Q: Why does EN 1993 use 5 buckling curves when AISC uses only 1?

A: EN 1993's philosophy is that different cross-section types, manufacturing processes, and buckling axes have systematically different geometric imperfection sensitivities. Hot-rolled I-sections buckling about the strong axis have smaller imperfections (curve a or b) than welded box sections bucking about the weak axis (curve d). AISC handles this implicitly through the single column curve, which represents a lower-bound fit to test data across all common section types. The EN 1993 approach gives more refined (and generally less conservative) results for hot-rolled sections buckling about the strong axis, at the cost of greater complexity. For most building columns, the practical difference is 5-10% on capacity.

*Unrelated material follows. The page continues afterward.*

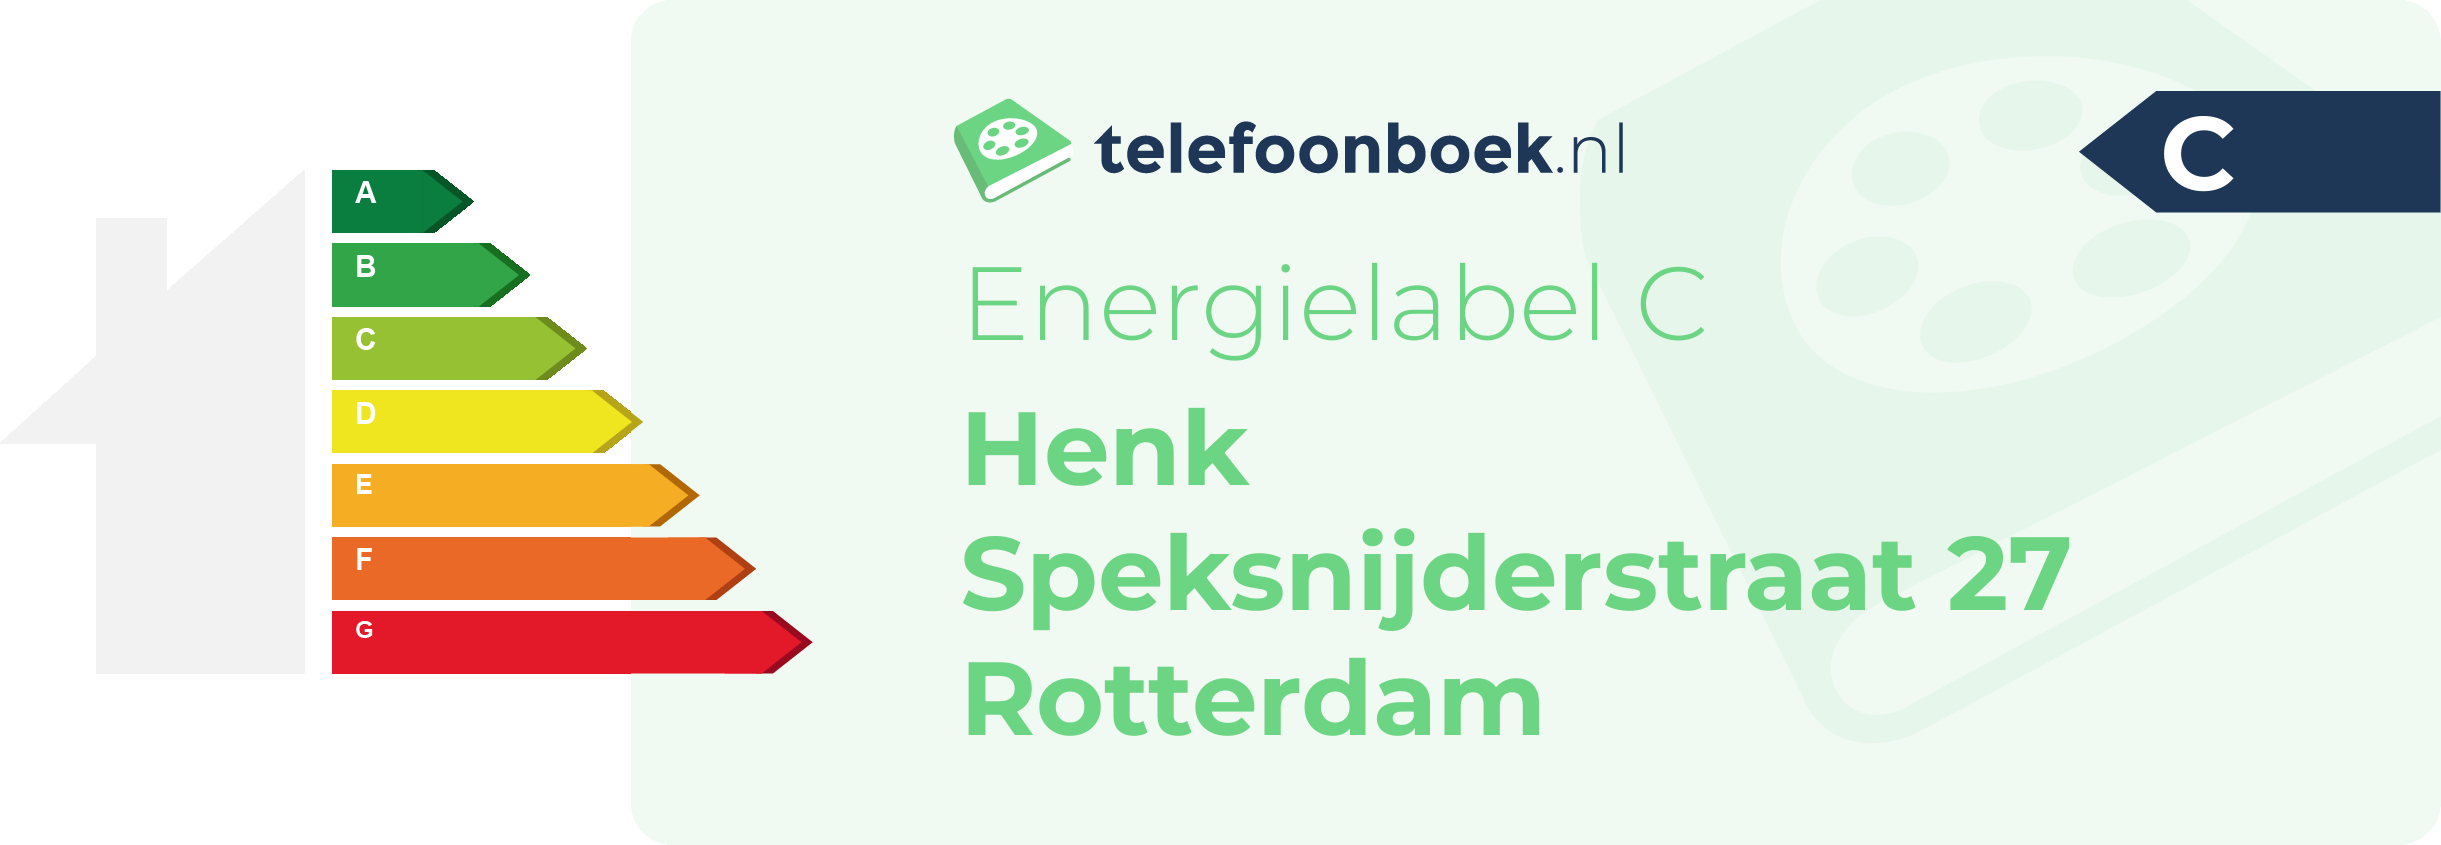 Energielabel Henk Speksnijderstraat 27 Rotterdam

Q: How do I document which code I used in my design report?

A: State the governing standard and edition explicitly: e.g., "Beam flexural capacity computed per AISC 360-22, Chapter F, LRFD method." Record all load factors (source standard + combination), all phi factors, all section classification assumptions (compact/non-compact/slender), and any Cb/alpha_m values used. This is required for peer review and for demonstrating compliance with the building permit conditions. Multi-code calculators like Steel Calculator label the governing standard on every output, making this documentation straightforward.